Abstract

As an ill-posed problem, median filtered (MF) image restoration and anti-forensics still face a challenge in improving the visual quality and deceiving the forensic detectors simultaneously. MF image restoration mainly aims at image visual quality recovery, while MF image anti-forensics primarily focuses on deceiving the existing forensic algorithms. Median filtering is popularly used as an operation for image denoising and smoothing. It is also employed by image anti-forensics to conceal or remove the traces of other image manipulating operations, such as JPEG blocking artifacts and the periodicity introduced by image resampling. This work proposes an adversarial learning framework that introduces loss terms spanning three domains for MF image restoration and anti-forensics. The differences of high-frequency coefficients in the discrete wavelet transform (DWT) domain are introduced as a term of loss term to restore high-frequency components.
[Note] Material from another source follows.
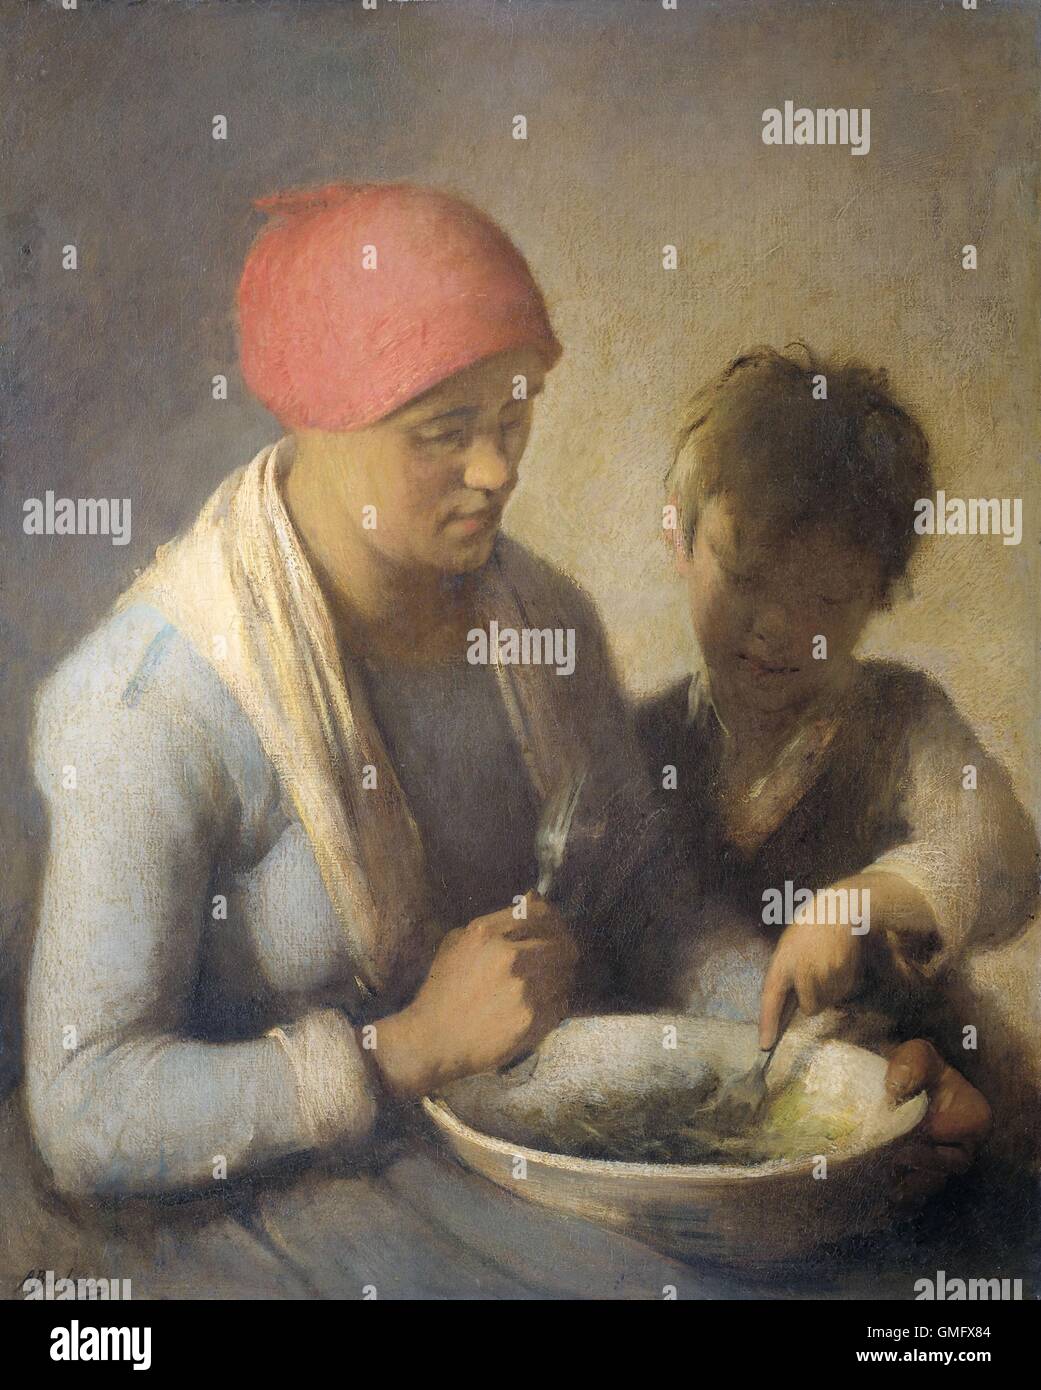 Das Essen von Auguste Boulard, c. 1850-92, niederländische Malerei, Öl auf Leinwand. Eine Bäuerin und ihr Kind essen gemeinsam aus einer großen Schüssel (BSLOC 2016 2 169) Stockfoto

Moreover, high-frequency subband variance loss in the discrete cosine transform (DCT) domain is proposed to make the statistical characteristics of the generated image closer to that of the original image. Together with the Huber loss in the spatial domain, a novel generator network is developed and trained to enhance information flow and feature reuse. A capsule network is applied as a discriminator for differentiating the generated image from the original version. We explore a solution through adversarial learning in an infinite set of possible solutions. Experimental results demonstrate that the proposed method is able to restore the visual quality of MF images with salt and pepper noise previously more effectively than the existing methods. What is more, our method achieves the best anti-forensic performance in comparison with the existing state-of-the-art MF image anti-forensic methods, while enhancing the quality of anti-forensically restored images.